We are reading The Feminine Mystique in my social theory class. We were considering Friedan's point that the feminine mystique was an abrupt shift from the more public role that educated women had had during the Second World War. Knowing that the mystique period was brief, followed by the second wave of feminism, one imaginative student suggested that the feminine mystique was like summer vacation. She said that as summer vacation approaches, students look forward to no more books, seeing their friends, staying home, sleeping late. After a few months, though, they can't wait to get back to their studies.

I think this is a nifty analogy.

Saturday, October 02, 2010

Social Networks Are Like Coffee Houses

Social networks are shot through with coffee house metaphors. The connection is natural. I am a big fan of both. But we should understand what they are good for, and not good for.

In my coffee house class, my summary idea is that coffee houses are places where strangers can become acquaintances. Coffee houses are not places for building strong friendships. Some friendships may, of course, grow out of coffee house connections. Indeed, I know marriages that began in coffee houses. But a relationship that is born in the coffee house, and stays there, will not grow beyond a weak tie.

Weak ties are very important in real life. Many good things come from weak ties. It is your weak ties that are likely to lead you to a next job, not your strong ties. Weak ties are best for spreading and bringing you new information.

Malcolm Gladwell has a fine article in the New Yorker on the difference between social networks and hierarchies. Gladwell's core point: "Facebook is a tool for efficiently managing your acquaintances." It is not made of the strong ties that can make a revolution.

Friday, October 01, 2010

Some Group Differences are Due to Privilege. Some Are Not.

If diversity means anything, it means that different groups differ at least a little in what they want and in what talents they bring, as well as in how they are treated by others.

Privilege is real - some groups have unearned advantages over others, which does increase the chance that people like that will be disproportionately represented among those in power.

But it is also the case that different groups want different things, or more exactly, the proportions of people who want some outcome will not be identical in each group.

It is also true, but harder to pin down, that different groups bring a different mix of skills and talents to life. This difference has to have some effect on the proportion of people from each group who end up doing one thing or another.

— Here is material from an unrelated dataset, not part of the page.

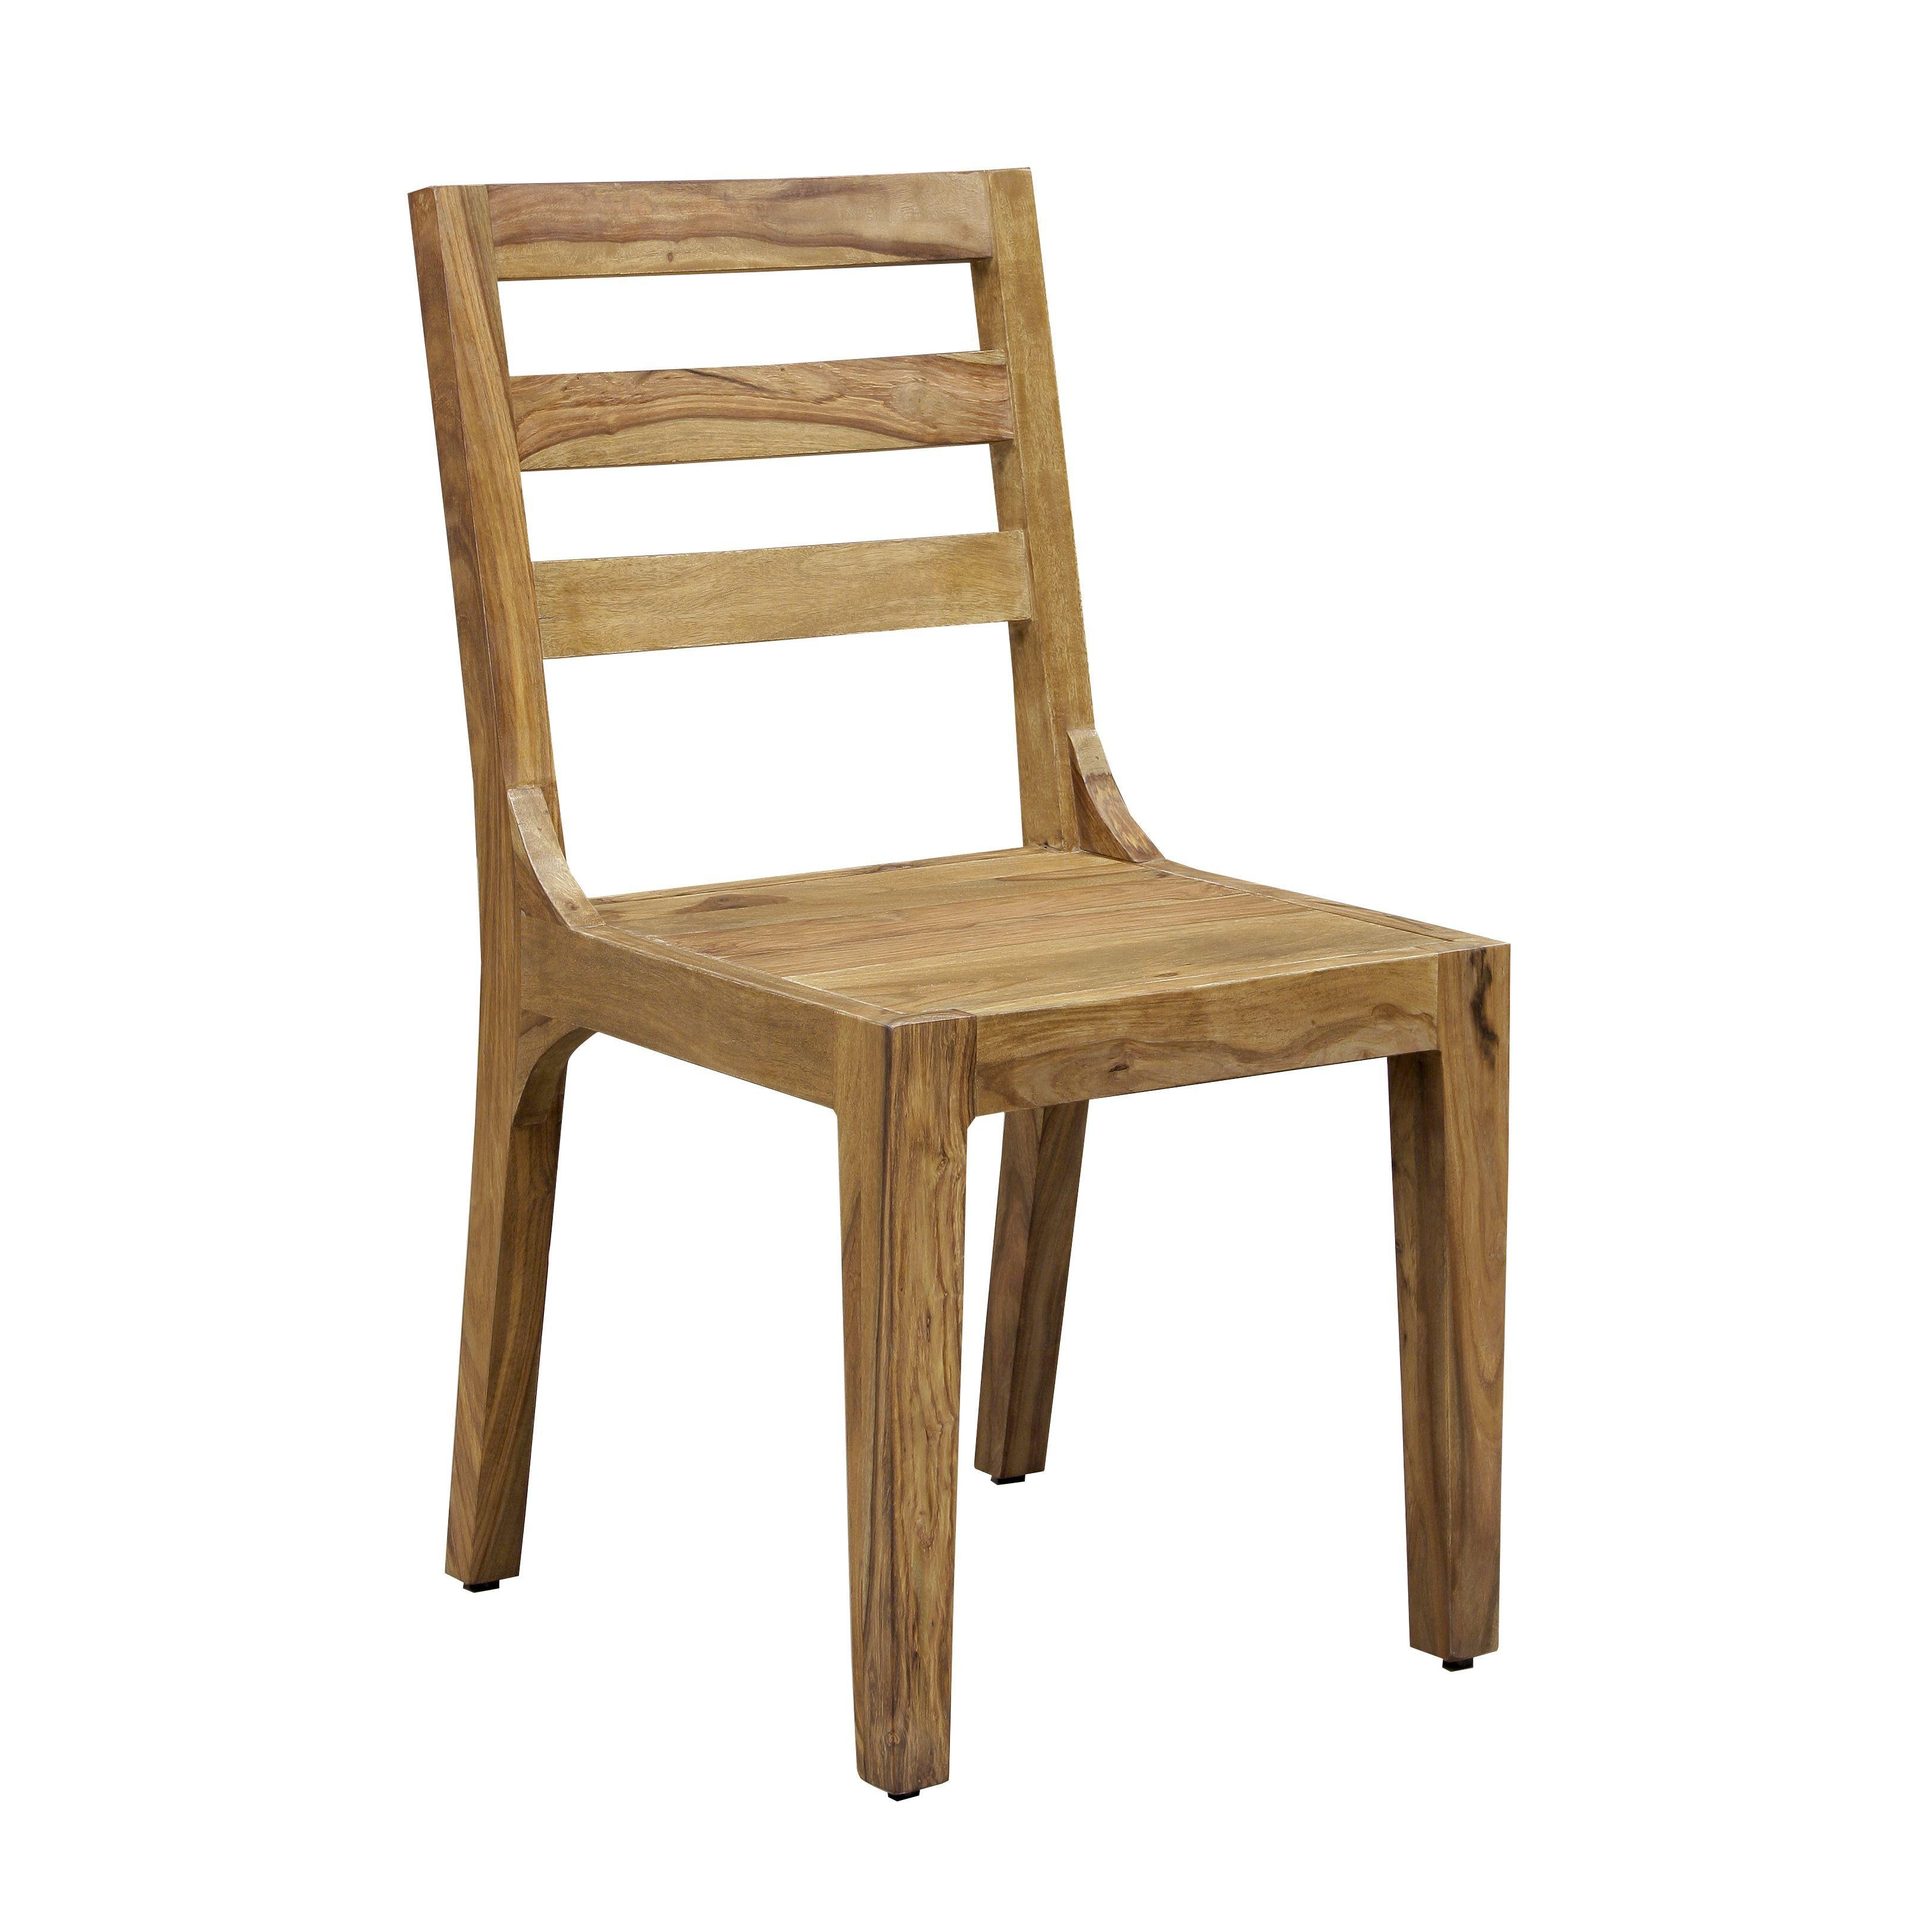 Swell Porter International Designs Handmade Wanderloot Urban Pdpeps Interior Chair Design Pdpepsorg

It is certainly the case that the group of people in positions of power are disproportionately from privileged groups. But privilege is only part of the reason. To say otherwise, to say that all groups have an exactly equal desire and exactly equal ability to achieve all outcomes is simply false. Worse, it is condescending and imperialist to assume that all groups - all cultures and subcultures - desire exactly the same things equally.

In the discourse about privilege, to assume that the privileged are disproportionately powerful solely because we are privileged is itself an act of unwarranted privilege.